=== RECORDED INFORMATION ===
::::
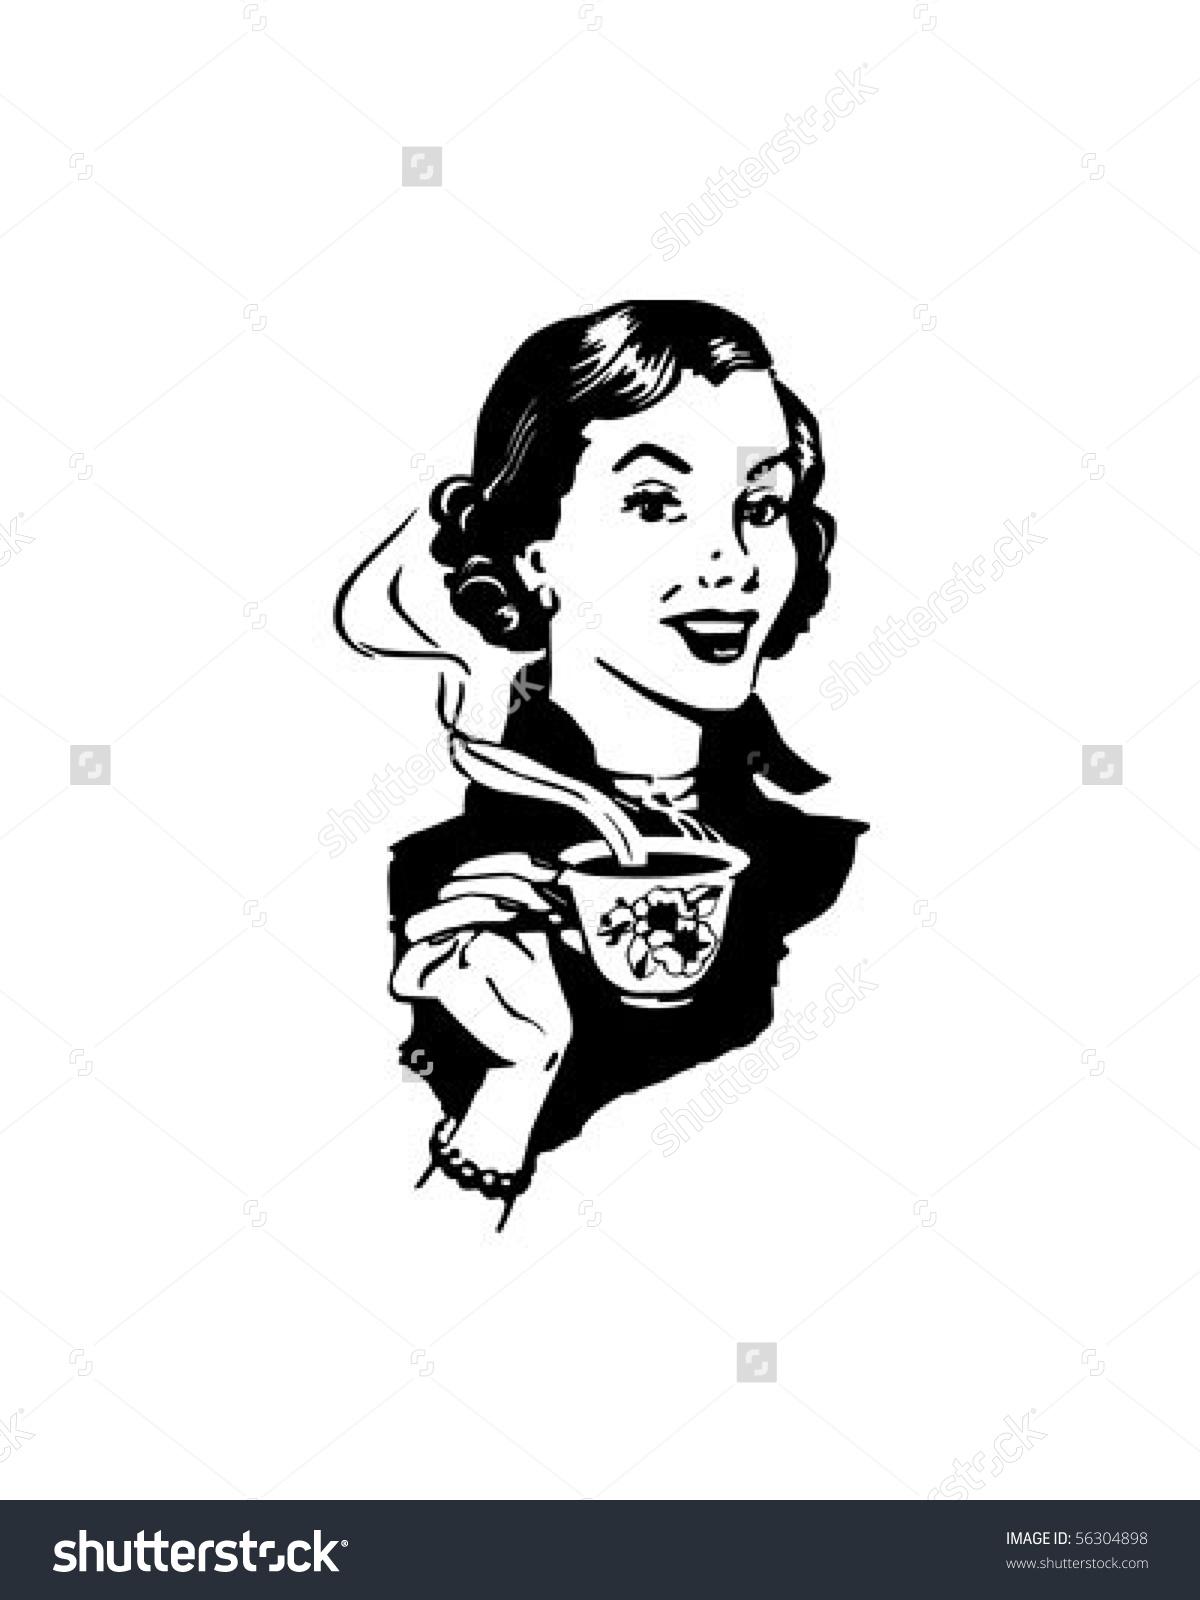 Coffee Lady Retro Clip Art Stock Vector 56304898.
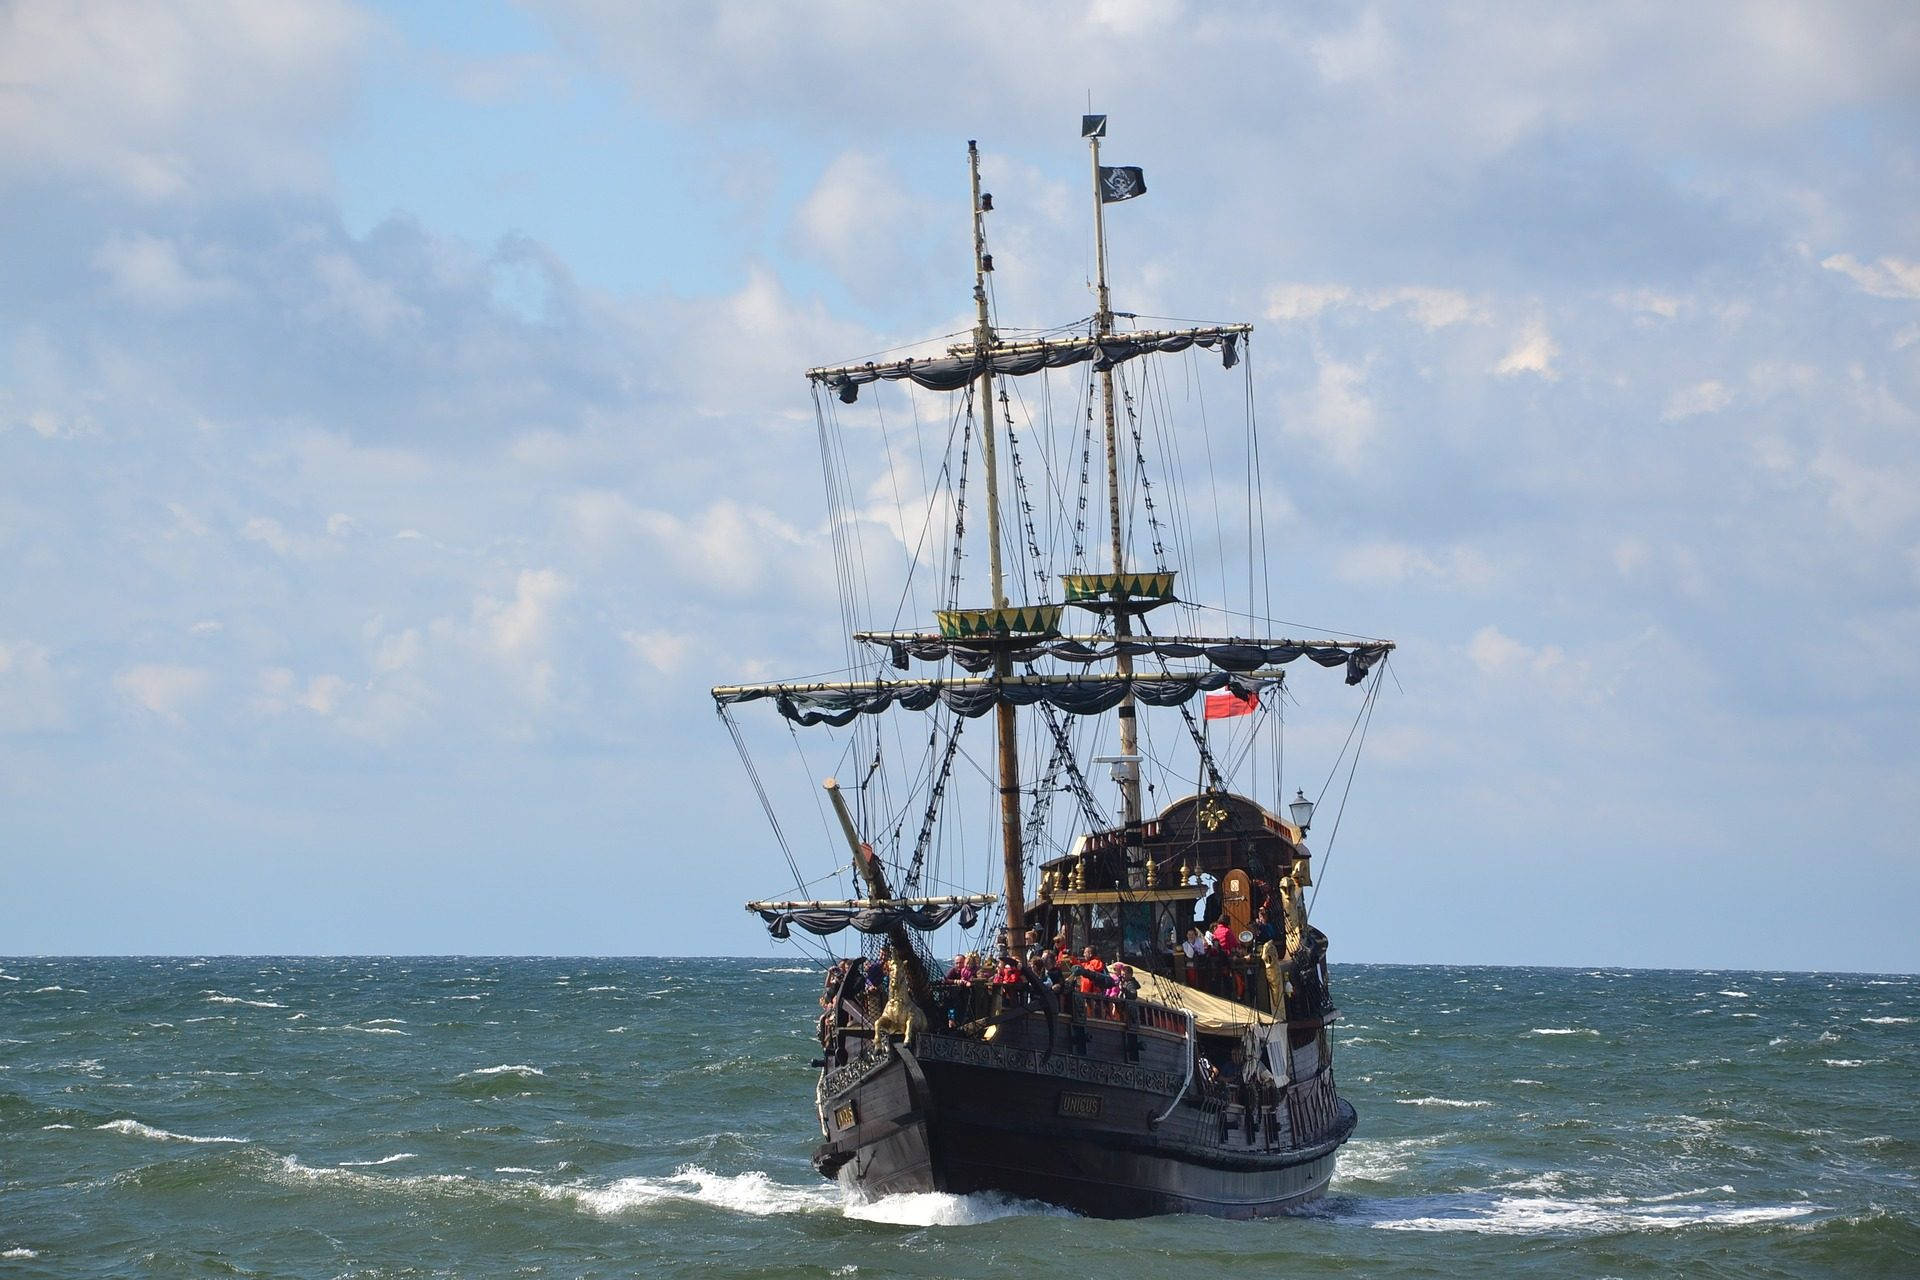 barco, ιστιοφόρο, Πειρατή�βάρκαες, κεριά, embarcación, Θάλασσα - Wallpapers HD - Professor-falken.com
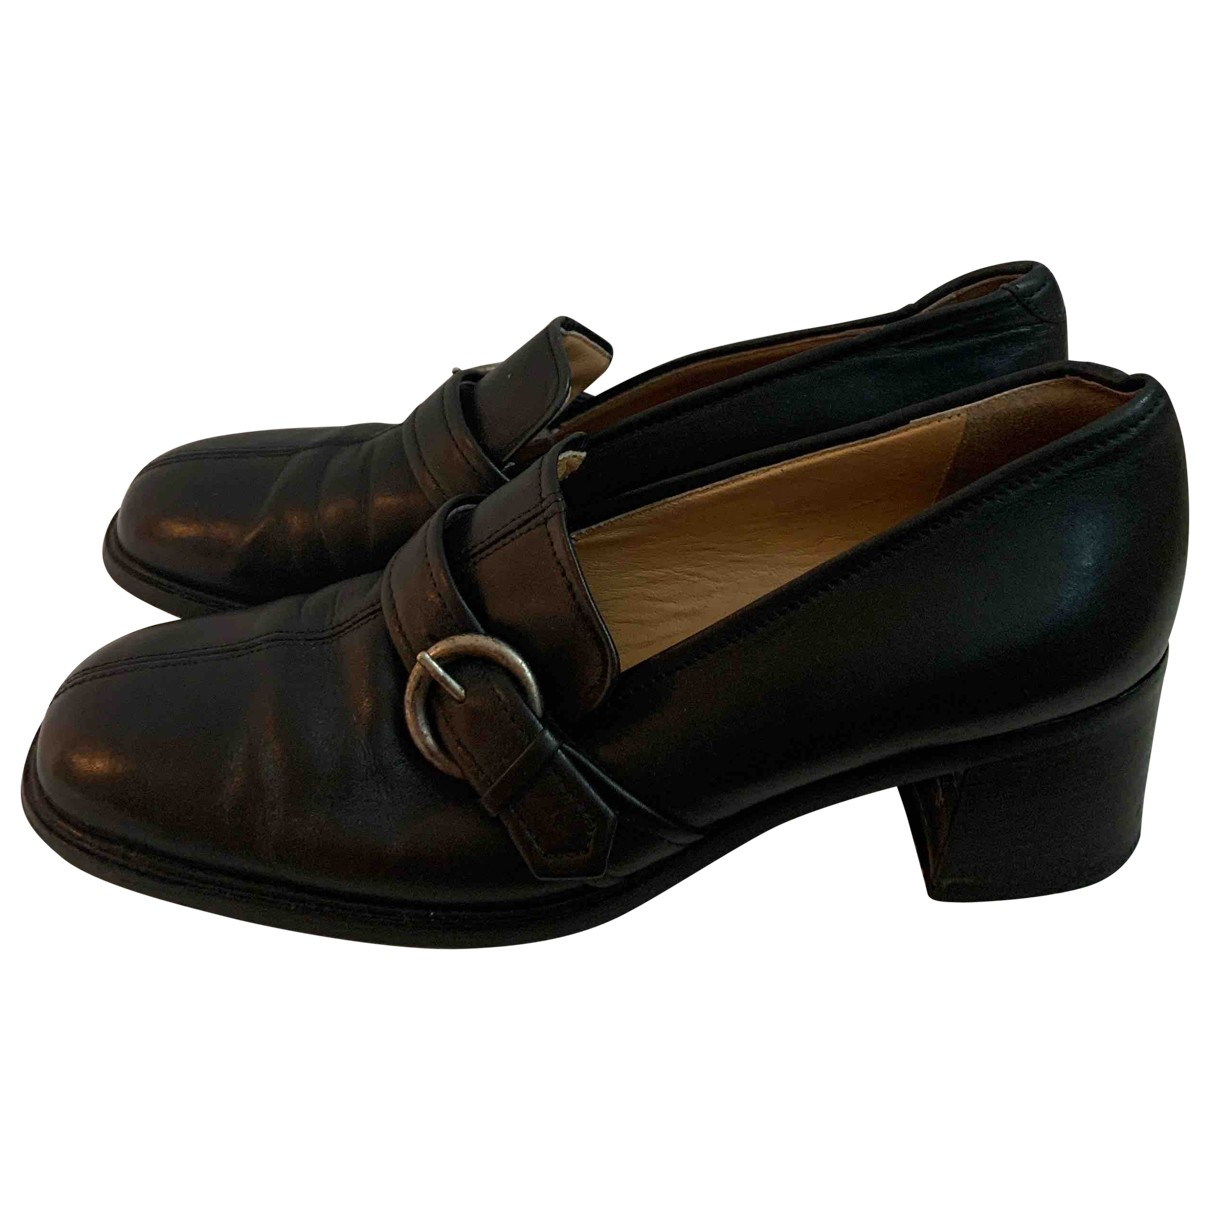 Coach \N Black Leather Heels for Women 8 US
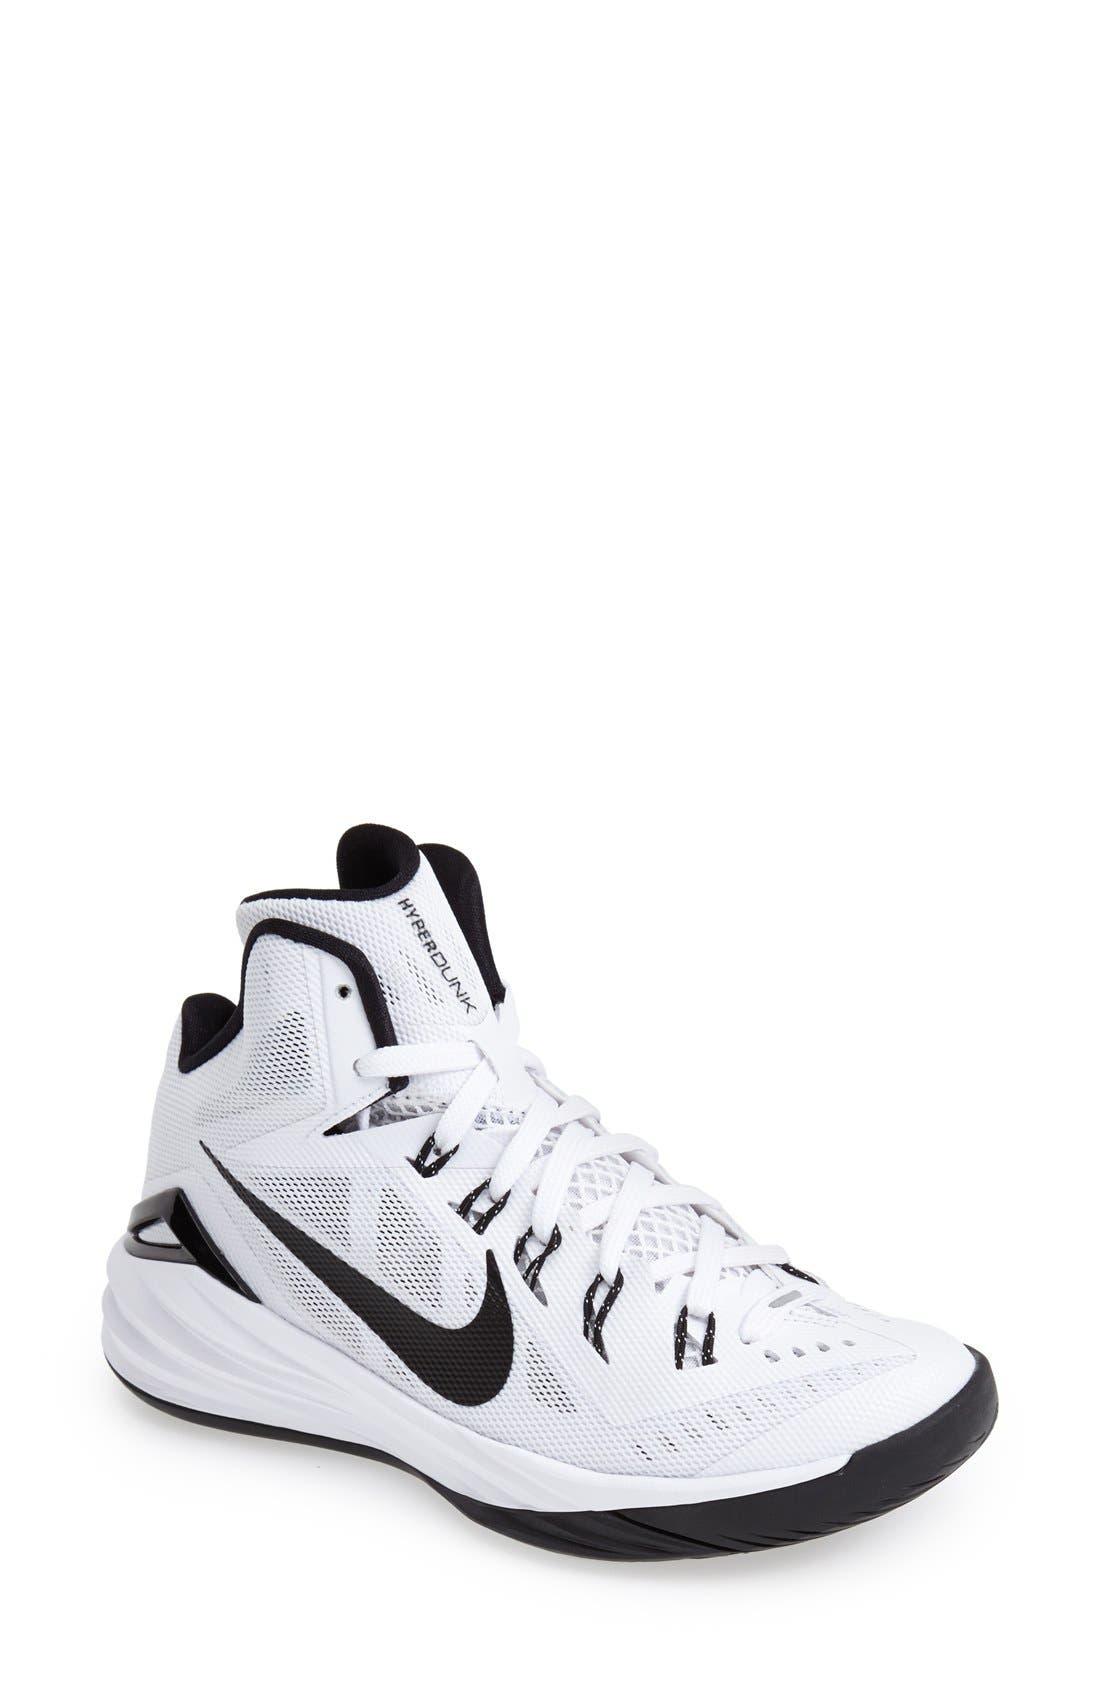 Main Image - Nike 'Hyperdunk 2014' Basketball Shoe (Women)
::::
=== ABOUT THIS TASK ===
Everything in the listing above is to be given again exactly, apart from the pictures.

=== TASK RESPONSE ===
 Coffee Lady Retro Clip Art Stock Vector 56304898.
 barco, ιστιοφόρο, Πειρατή�βάρκαες, κεριά, embarcación, Θάλασσα - Wallpapers HD - Professor-falken.com
 Coach \N Black Leather Heels for Women 8 US
 Main Image - Nike 'Hyperdunk 2014' Basketball Shoe (Women)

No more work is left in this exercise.